Any step label not present in your rules dict falls through to sploink.router.FALLBACK.

Customize substrate instances (Layer 2 — bench-side today)

The SUBSTRATE_INSTANCES catalog in bench/strategies.py maps each hardware_type to a list of provider instances. Today this is edited in source code; a runtime API is planned.

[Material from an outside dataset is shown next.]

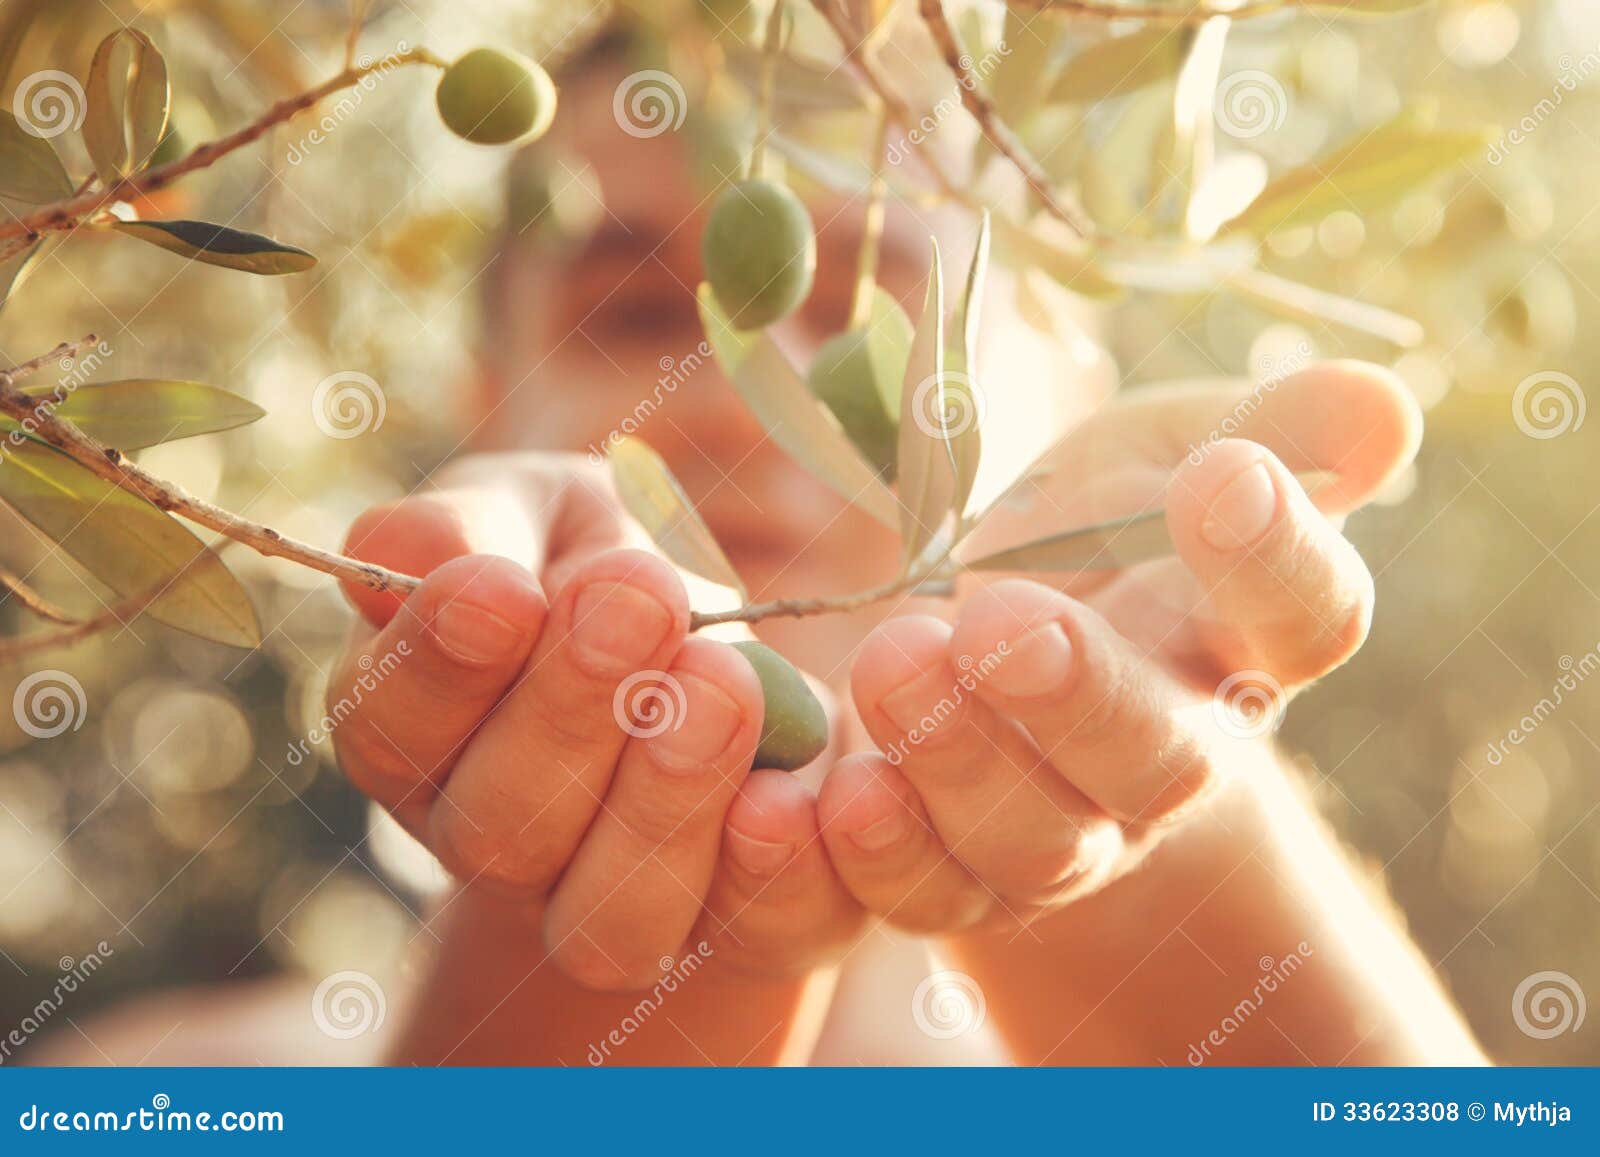 olives harvest

# bench/strategies.py — edit this dict to add providers
SUBSTRATE_INSTANCES = {
    "cpu": [
        SubstrateInstance(provider="ollama", model="llama3.1:8b"),
        # add a second CPU provider here when you want fallback:
        # SubstrateInstance(provider="salad", model="llama3.1:8b"),
    ],
    "lpu": [
        SubstrateInstance(provider="groq", model="llama-3.1-8b-instant"),
    ],
}

select_substrate(hardware_type) currently picks the first instance. Future selection logic (availability-aware, cost-aware, region-aware) will live behind that same function.

Trace storage location

Traces persist to ~/.sploink/traces/<workflow_id>.jsonl by default. Override via env var:

export SPLOINK_TRACE_DIR=/path/to/my/traces
# or to suppress persistence in CI/tests:
export SPLOINK_TRACE_DIR=/dev/null

Build a Graph by hand

Useful when you're authoring an experimental workflow or want to inspect topology before running:

from sploink.graph import Graph, Node

g = Graph(
    nodes=(
        Node(id="classify", step="classify", max_tokens=8,  build_prompt=lambda ex, st: ...),
        Node(id="rerank",   step="rerank",   max_tokens=400, build_prompt=lambda ex, st: ...),
        # ...
    ),
    edges=(("classify", "rerank"), ...),
    answer_node="rerank",
)
print(g.topological_layers())   # the parallelism structure of your DAG

Graph.from_trace(records, method="overlap") produces the inverse — observed calls → inferred Graph — for analysis (the inferred Graph can be visualized but isn't re-executable; the original build_prompt closures aren't recoverable from the trace).

The one rule of thumb

If you can write it as Python, sploink can be configured with it. There's no separate config file, no YAML, no UI. The configuration surface is sploink.* and sploink.router.*.

A hosted dashboard for routing-rule editing, multi-tenant policy management, and managed substrate catalogs lives in the (private) sploink-cloud repo and isn't built yet — that's the future product surface, not v0.1.